Download PDF

ICAPS, Date: 2008/09/14 - 2008/09/18, Location: Sydney, Australia

Publication date: 2008-01-01

ICAPS 2008 workshop on oversubscribed planning & scheduling

Author:

Sanner, Scott
Goetschalckx, Robby ; Driessens, Kurt

Keywords:

dynamic programming, bayesian

Abstract:

Many oversubscribed planning problems with multiple (potentially jointly unachievable) goals can be cast in the Markov decision process (MDP) framework when appropriate reward functions and objective criteria can be defined. Recent real-time, search-based solutions to MDPs maintain upper and lower bounds on the value function at all stages of execution prior to convergence.
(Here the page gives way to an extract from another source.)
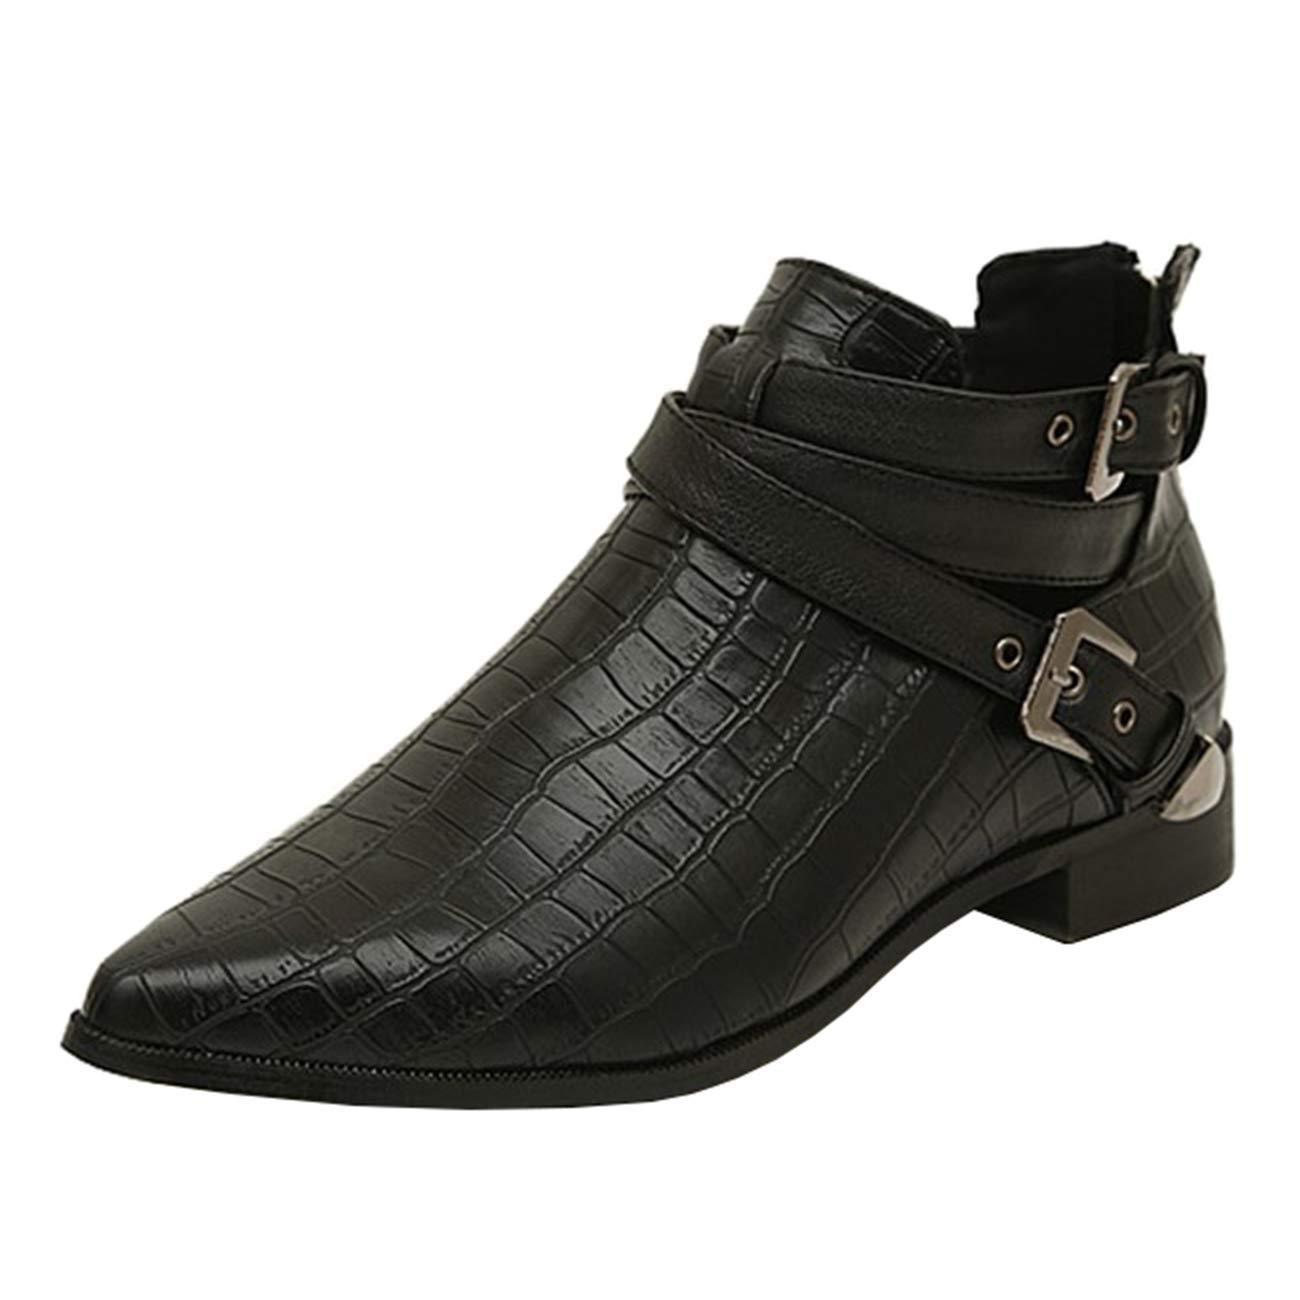 Eeayyygch Damen-Gladiator Block-Heel Zip Schnalle Schnalle Schnalle Ankle Stiefel (Farbe   Schwarz, Größe   4 UK) e67f0b

While many algorithms already use this information to detect convergence and to prioritize state exploration, we propose a novel Bayesian interpretation of these bounds to evaluate the myopic value of perfect information (VPI) of exactly knowing a state’s value. This VPI analysis permits two general Bayesian search control modifications to existing algorithms: (1) we can use it to dynamically adapt the backup depth in real-time, search-based bounded dynamic programming approaches, and (2) we can use it for real-time policy evaluation with a bounded value function produced by an anytime algorithm. We empirically evaluate both of these modifications to existing algorithms and analyze their performance. While real-time Bayesian search control may reduce the number of backups until convergence for (1), it offers more substantive improvements for (2), making it an attractive real-time policy evaluation approach for MDPs.